Collected data entries:
--------------------------------------------------
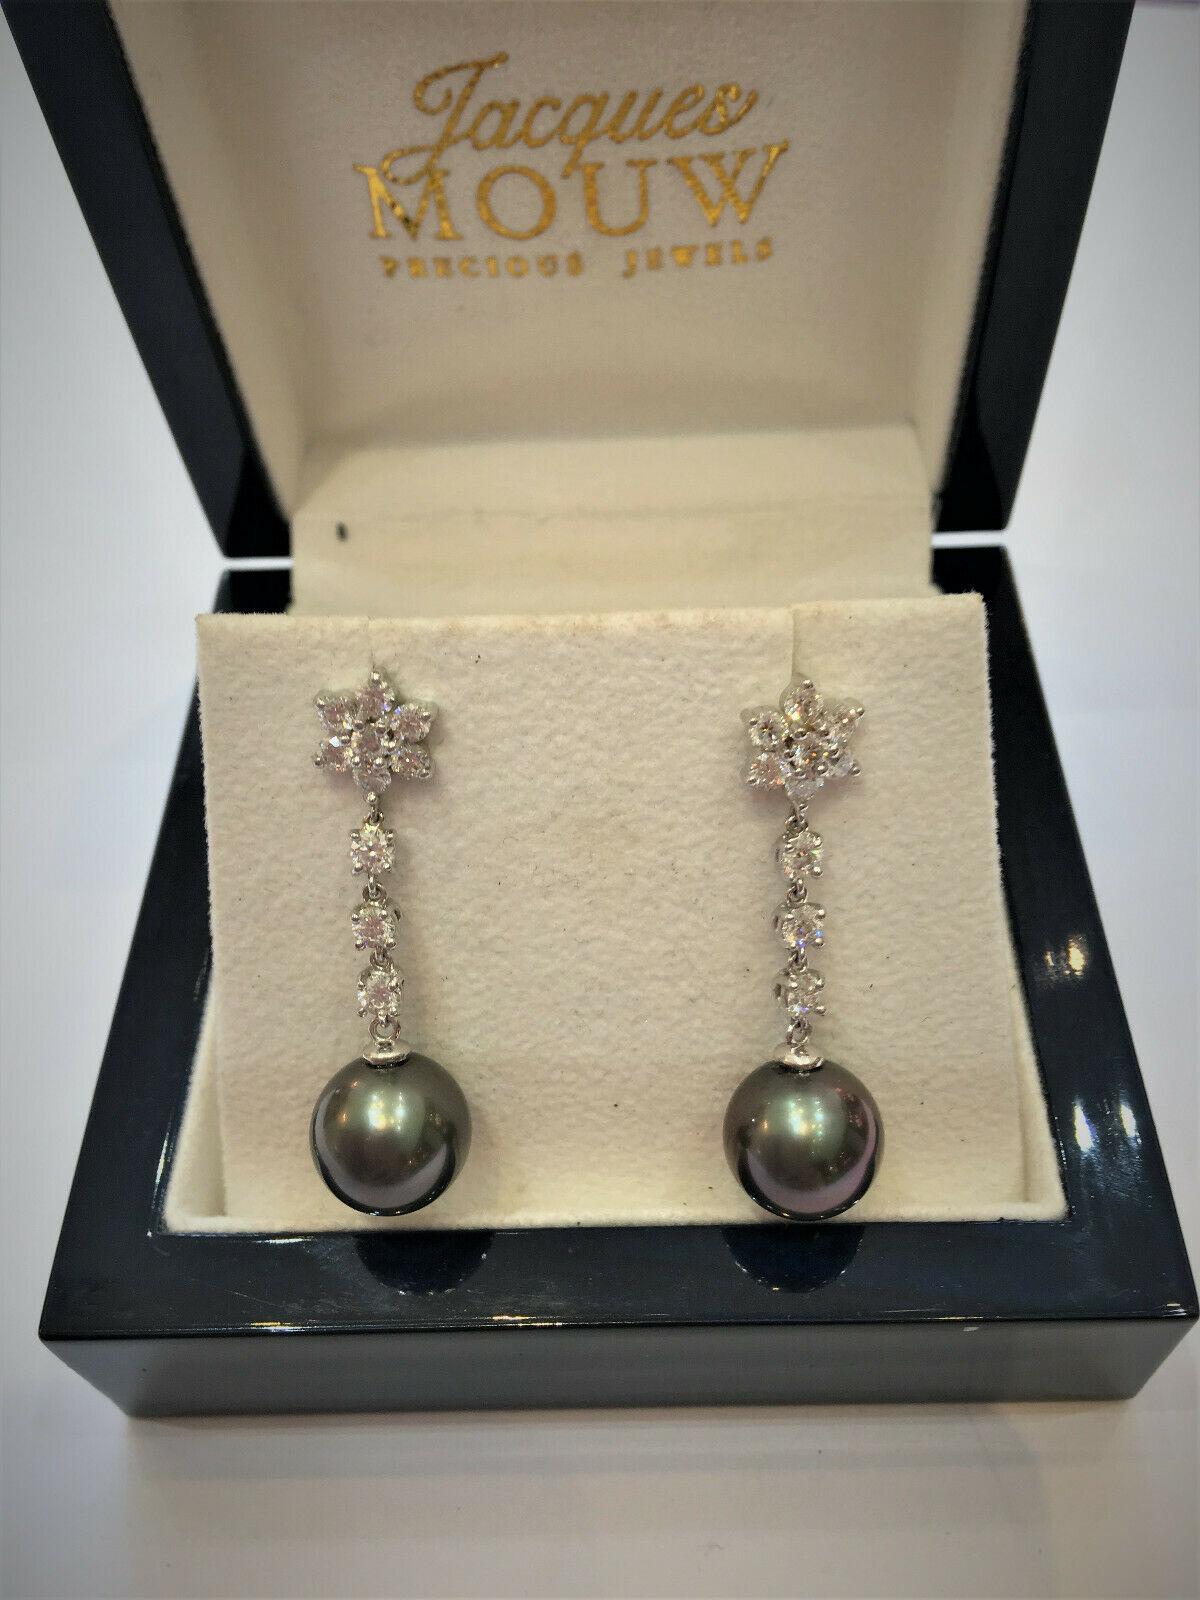 Tahitian Cultured Pearl and Diamond Earrings 11.0mm 14 White Gold

Black Tahitian Cultured Pearl measures 11.0 mm

Tota Carat Weight of Diamond 1.61 carats

F Color VS Clarity

Set in 14K White Gold

Shipped in a gift box

ITEM DETAILS

    Item
--------------------------------------------------
## Work required
Exactly retype each record above, dropping images.

## Written response
 Tahitian Cultured Pearl and Diamond Earrings 11.0mm 14 White Gold

Black Tahitian Cultured Pearl measures 11.0 mm

Tota Carat Weight of Diamond 1.61 carats

F Color VS Clarity

Set in 14K White Gold

Shipped in a gift box

ITEM DETAILS

    Item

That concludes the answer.